-------- Given records

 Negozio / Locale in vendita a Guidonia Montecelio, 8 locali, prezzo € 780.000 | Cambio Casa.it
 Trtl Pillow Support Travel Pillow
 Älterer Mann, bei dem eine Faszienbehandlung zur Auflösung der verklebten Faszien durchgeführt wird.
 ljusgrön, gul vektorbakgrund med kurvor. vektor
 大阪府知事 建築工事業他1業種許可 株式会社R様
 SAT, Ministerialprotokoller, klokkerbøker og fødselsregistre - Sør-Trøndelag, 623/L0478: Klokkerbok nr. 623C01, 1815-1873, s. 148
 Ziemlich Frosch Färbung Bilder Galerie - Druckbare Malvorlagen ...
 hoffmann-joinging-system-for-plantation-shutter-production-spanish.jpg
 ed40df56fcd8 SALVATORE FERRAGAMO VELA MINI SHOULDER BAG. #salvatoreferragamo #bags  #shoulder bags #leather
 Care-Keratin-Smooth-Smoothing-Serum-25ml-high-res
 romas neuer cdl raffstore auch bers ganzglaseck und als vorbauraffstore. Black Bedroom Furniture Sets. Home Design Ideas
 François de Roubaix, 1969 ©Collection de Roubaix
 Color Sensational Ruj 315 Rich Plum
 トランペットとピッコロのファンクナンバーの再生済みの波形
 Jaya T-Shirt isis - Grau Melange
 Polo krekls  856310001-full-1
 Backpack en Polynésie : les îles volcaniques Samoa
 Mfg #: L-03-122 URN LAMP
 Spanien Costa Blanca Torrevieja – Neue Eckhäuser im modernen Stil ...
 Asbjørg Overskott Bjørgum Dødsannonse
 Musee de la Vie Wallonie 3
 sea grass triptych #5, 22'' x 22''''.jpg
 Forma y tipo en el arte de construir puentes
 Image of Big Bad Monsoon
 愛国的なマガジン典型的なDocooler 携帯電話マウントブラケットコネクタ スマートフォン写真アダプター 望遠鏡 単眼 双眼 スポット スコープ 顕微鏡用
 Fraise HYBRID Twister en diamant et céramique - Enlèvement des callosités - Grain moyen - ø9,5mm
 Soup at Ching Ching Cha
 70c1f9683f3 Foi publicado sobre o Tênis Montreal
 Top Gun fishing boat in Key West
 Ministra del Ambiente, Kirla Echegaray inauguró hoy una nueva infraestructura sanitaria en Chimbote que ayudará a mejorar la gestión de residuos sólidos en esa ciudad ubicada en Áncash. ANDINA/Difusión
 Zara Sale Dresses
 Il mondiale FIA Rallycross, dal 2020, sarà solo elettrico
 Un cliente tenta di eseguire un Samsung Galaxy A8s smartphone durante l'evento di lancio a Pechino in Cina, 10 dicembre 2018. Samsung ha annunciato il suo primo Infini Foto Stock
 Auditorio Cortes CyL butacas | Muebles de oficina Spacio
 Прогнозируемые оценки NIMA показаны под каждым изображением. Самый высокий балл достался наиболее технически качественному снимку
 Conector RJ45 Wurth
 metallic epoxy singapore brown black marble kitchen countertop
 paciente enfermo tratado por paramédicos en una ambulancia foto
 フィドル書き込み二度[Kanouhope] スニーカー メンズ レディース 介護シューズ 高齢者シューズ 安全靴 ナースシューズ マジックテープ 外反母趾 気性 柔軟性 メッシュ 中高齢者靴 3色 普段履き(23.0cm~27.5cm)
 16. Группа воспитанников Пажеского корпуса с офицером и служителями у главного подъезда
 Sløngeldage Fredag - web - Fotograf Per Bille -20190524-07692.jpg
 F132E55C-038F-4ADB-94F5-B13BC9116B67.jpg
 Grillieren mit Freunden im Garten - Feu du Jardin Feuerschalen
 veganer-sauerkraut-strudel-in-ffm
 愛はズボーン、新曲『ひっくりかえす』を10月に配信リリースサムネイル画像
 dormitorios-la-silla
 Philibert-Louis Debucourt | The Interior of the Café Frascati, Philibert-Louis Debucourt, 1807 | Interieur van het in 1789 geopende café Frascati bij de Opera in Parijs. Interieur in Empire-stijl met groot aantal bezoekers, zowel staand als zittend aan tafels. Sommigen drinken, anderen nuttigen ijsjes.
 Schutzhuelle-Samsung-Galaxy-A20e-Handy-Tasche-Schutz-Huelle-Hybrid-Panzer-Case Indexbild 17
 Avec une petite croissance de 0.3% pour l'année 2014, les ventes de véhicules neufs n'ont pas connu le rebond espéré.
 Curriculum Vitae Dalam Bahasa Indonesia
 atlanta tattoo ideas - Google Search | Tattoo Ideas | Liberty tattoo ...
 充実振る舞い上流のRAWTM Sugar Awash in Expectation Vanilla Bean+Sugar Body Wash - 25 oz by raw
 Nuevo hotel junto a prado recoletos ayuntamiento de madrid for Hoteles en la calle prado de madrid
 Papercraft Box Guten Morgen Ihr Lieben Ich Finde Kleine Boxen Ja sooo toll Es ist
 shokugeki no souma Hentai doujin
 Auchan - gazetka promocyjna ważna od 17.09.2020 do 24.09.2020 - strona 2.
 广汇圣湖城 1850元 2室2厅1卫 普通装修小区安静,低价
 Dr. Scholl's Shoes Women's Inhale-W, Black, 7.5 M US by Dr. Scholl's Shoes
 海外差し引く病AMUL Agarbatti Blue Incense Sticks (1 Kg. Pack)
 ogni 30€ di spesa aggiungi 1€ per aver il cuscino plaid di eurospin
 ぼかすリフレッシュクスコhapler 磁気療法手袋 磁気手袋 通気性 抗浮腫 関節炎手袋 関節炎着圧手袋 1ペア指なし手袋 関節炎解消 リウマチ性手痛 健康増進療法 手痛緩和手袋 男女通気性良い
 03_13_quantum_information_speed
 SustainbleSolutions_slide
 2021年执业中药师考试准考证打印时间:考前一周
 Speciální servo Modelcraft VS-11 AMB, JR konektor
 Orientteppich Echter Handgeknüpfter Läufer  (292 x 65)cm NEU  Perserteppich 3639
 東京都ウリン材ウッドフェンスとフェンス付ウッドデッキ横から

----------------

Exercise goal>
Exactly repeat the lines above, from the opening line through the one with "トランペットとピッコロのファンクナンバーの再生済みの波形", and include nothing else.

Response area>
 Negozio / Locale in vendita a Guidonia Montecelio, 8 locali, prezzo € 780.000 | Cambio Casa.it
 Trtl Pillow Support Travel Pillow
 Älterer Mann, bei dem eine Faszienbehandlung zur Auflösung der verklebten Faszien durchgeführt wird.
 ljusgrön, gul vektorbakgrund med kurvor. vektor
 大阪府知事 建築工事業他1業種許可 株式会社R様
 SAT, Ministerialprotokoller, klokkerbøker og fødselsregistre - Sør-Trøndelag, 623/L0478: Klokkerbok nr. 623C01, 1815-1873, s. 148
 Ziemlich Frosch Färbung Bilder Galerie - Druckbare Malvorlagen ...
 hoffmann-joinging-system-for-plantation-shutter-production-spanish.jpg
 ed40df56fcd8 SALVATORE FERRAGAMO VELA MINI SHOULDER BAG. #salvatoreferragamo #bags  #shoulder bags #leather
 Care-Keratin-Smooth-Smoothing-Serum-25ml-high-res
 romas neuer cdl raffstore auch bers ganzglaseck und als vorbauraffstore. Black Bedroom Furniture Sets. Home Design Ideas
 François de Roubaix, 1969 ©Collection de Roubaix
 Color Sensational Ruj 315 Rich Plum
 トランペットとピッコロのファンクナンバーの再生済みの波形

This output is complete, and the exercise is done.